Example 11 and Comparative Examples 14-15
(1) Production of poultice Each component shown in Table 5 was mixed for a certain period of time to obtain a plaster. The resulting plaster solution was spread evenly on a release liner so that the mass of the plaster per patch (140 mm x 100 mm) was 6 g, and then immediately laminated with a knitted fabric (backing). Then, a poultice was manufactured.

(2) Evaluation of Storage Stability According to the method described above, the content of ketoprofen and the total content of esters of ketoprofen in the sample solution were calculated based on the peak area by high performance liquid chromatography (HPLC).

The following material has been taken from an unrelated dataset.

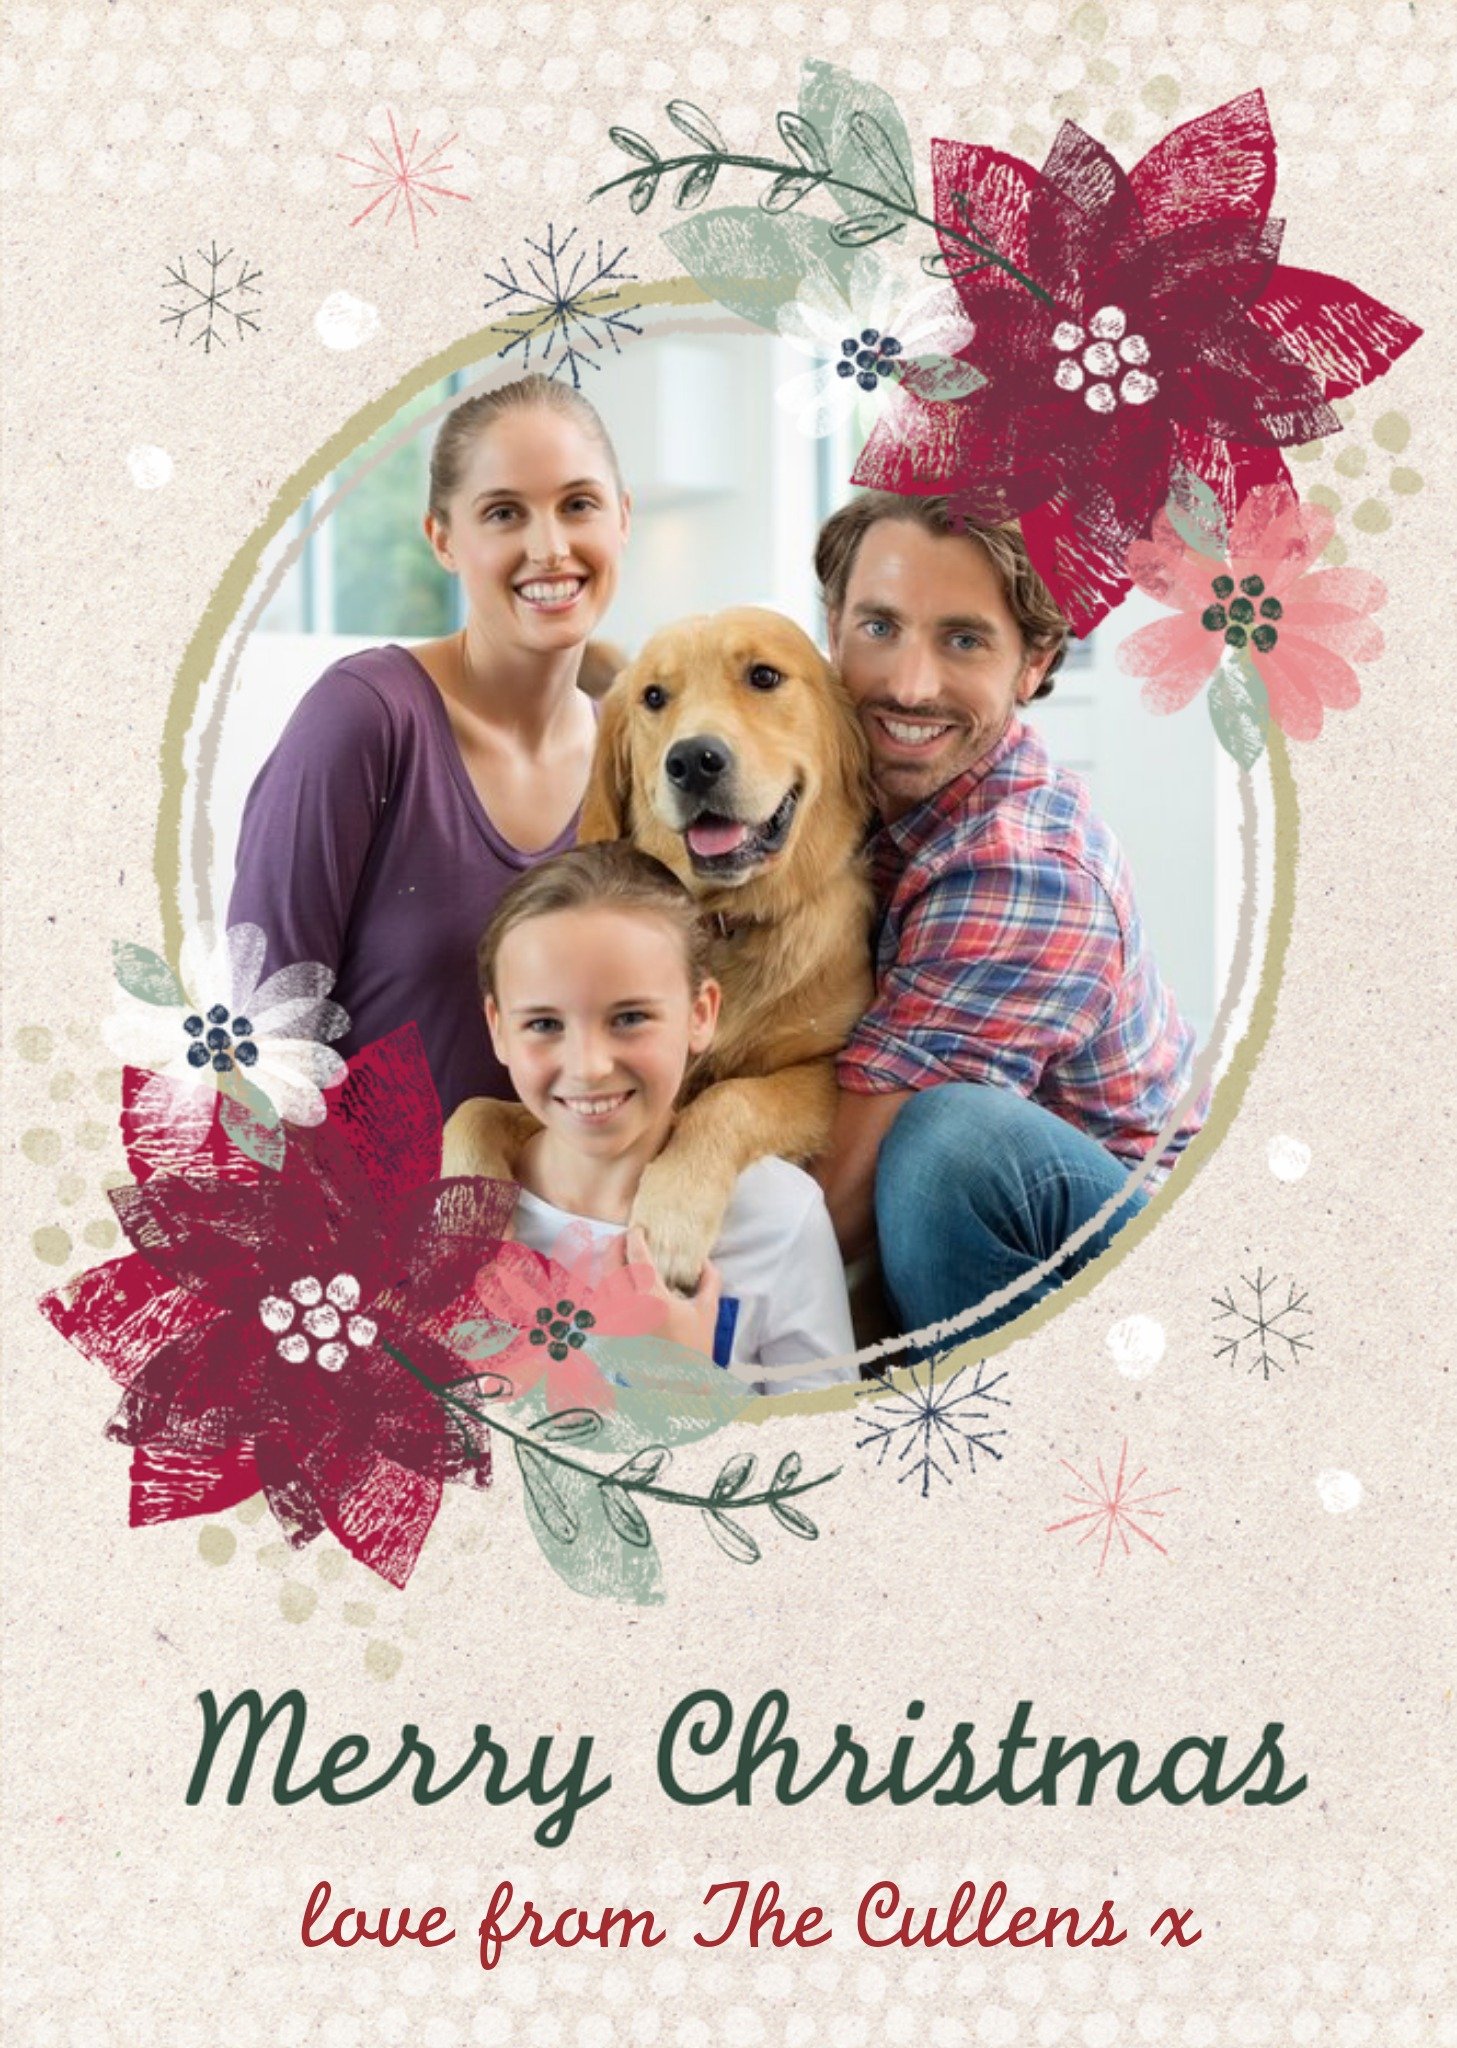 Moonpig Christmas Flower Border Personalised Family Photo Upload Merry Christmas Card, Large

Table 6 shows the results. In Comparative Examples 14-15, the total amount of esters of ketoprofen was 2.5% or more. Moreover, in Example 11, it was 2% or less.

Claims (4)

A poultice comprising a plaster layer on a support,
The plaster layer comprises ketoprofen or a pharmaceutically acceptable salt thereof, propylene glycol, l-menthol, water, poly(methyl acrylate/2-ethylhexyl acrylate) and poly(methacrylic acid/acrylic acid). n-butyl) and
The mass of propylene glycol in the paste layer is 3 times or less the mass of ketoprofen,
A poultice in which the content of l-menthol is 0.1 to 0.5% by mass based on the total mass of the plaster layer. The poultice according to claim 1, wherein the plaster layer further contains a fatty acid alkyl ester. A method for stabilizing ketoprofen in a poultice comprising a plaster layer on a support, comprising:
Ketoprofen or a pharmaceutically acceptable salt thereof, l-menthol, water, at least one of poly(methyl acrylate/2-ethylhexyl acrylate) and poly(methacrylic acid/n-butyl acrylate), and mass of ketoprofen Mixing propylene glycol with a mass of 3 times or less of the
spreading the paste onto a release liner to form a paste layer;
A method for stabilizing ketoprofen, wherein the content of l-menthol is 0.1 to 0.5% by mass based on the total mass of the paste layer. 4. The method of claim 3, wherein said salve further comprises a fatty acid alkyl ester.